Tuesday, October 23, 2012

The Debate I Refused to Watch

I didn’t think that my sanity could handle the non-debate on our nation’s disastrous and violence-prone foreign policy, so I sat last night’s out.  Reading over some of the back-and-forth this morning, I feel very much vindicated.

But it also took me back to 2008 when, halting his race for the Republican Party’s presidential nomination, the very same Mitt Romney who now talks up his ability to work with Democrats, and agrees with President Obama on virtually every major foreign policy mis-decision of the last four years, said this:

“If I fight on in my campaign, all the way to the convention, I would forestall the launch of a national campaign and make it more likely that Senator Clinton or Obama would win.  And in this time of war, I simply cannot let my campaign be a part of aiding a surrender to terror”.

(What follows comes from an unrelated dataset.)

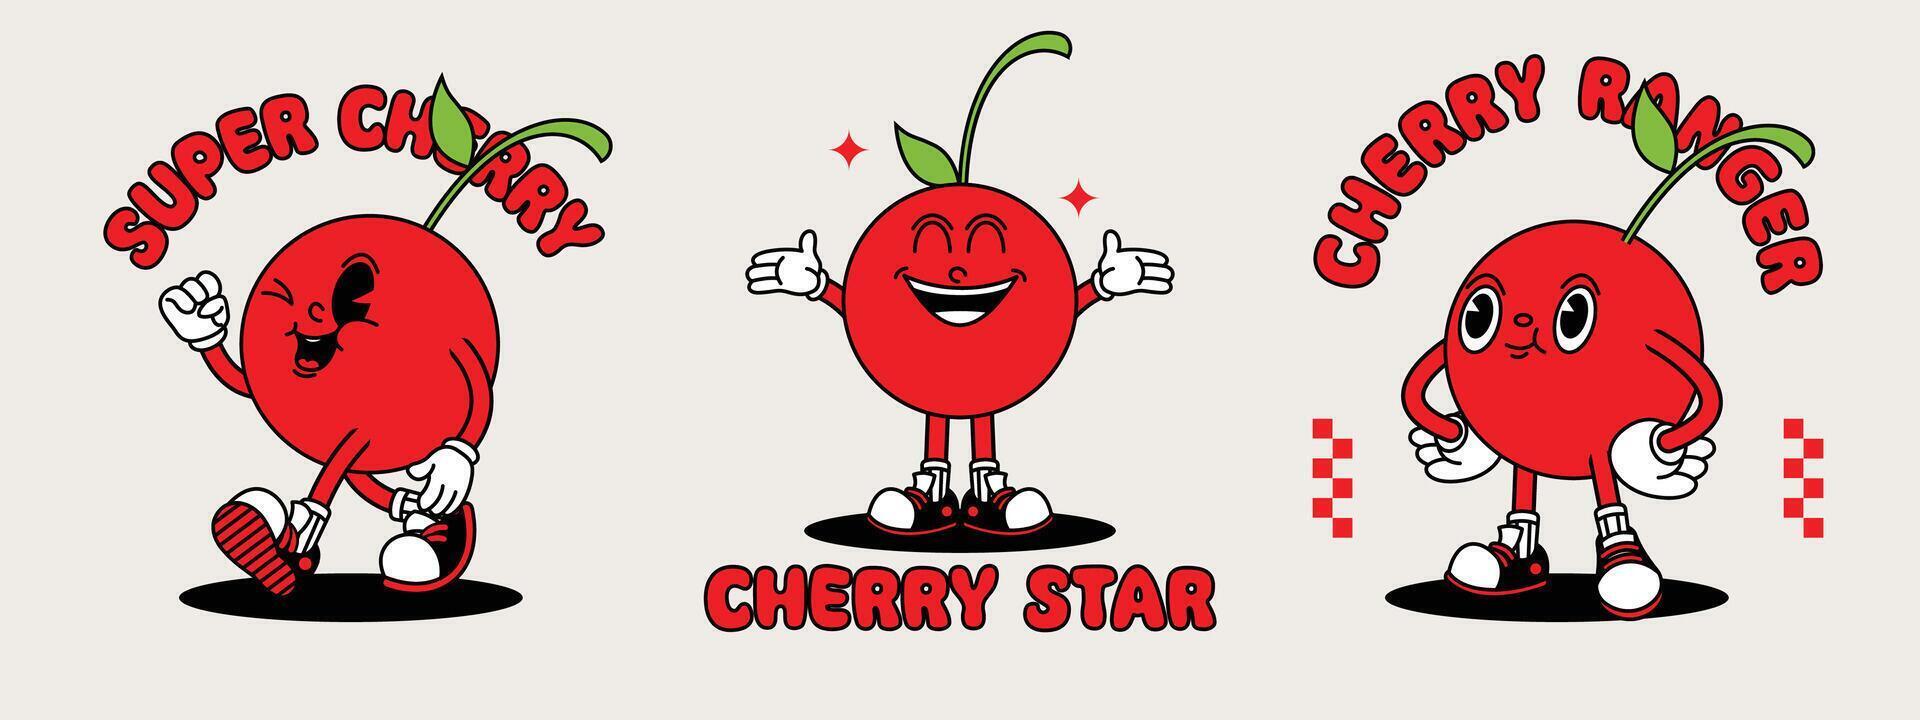 Cherry retro mascot with hand and foot. Fruit Retro cartoon stickers with funny comic characters and gloved hands. vector

Romney’s words, four years on as then, are both repulsive and amusing.  Amusing in that they are so far from the mark: President Obama has been waging war and battering our liberties with a vigour that clearly takes Republicans aback.  And repulsive because it lays bare both the things the Republican Party will say to get elected and the twisted worldview they embrace—the worldview which equates any opposition to war as an attack on our country’s security and values.

But there is something that disturbs me even more than the well-documented Republican Party bloodthirstiness and the routine opportunism of the GOP, and that is the spectacle—after last night’s rout—of left-leaning commentators and friends taking to the blogs and facebook to celebrate the President’s apparently-comprehensive thumping of Mitt Romney in the foreign policy debate.  A thumping based, it must be remembered, on the President making himself tougher, more militant, and more violent than his right-wing counterpart.  A debate “victory” based on an embrace of what amount to necon policies.  The very policies progressives were so desperate to repudiate when they elected President Obama four years ago.  The very policies which have killed thousands of Americans and tens if not hundreds of thousands of people around the world, particularly in Iraq, Afghanistan and Pakistan.  The very policies which guarantee that we will never run out of enemies to kill and wars to fight.

The tragic twist is that, in setting out to beat the Republicans by embracing the President’s use of terror, attack on our liberties, and casual use of our war machine, progressives have ensured that—in the area of foreign policy at least—four more years of Obama will look a lot like a Mitt Romney presidency.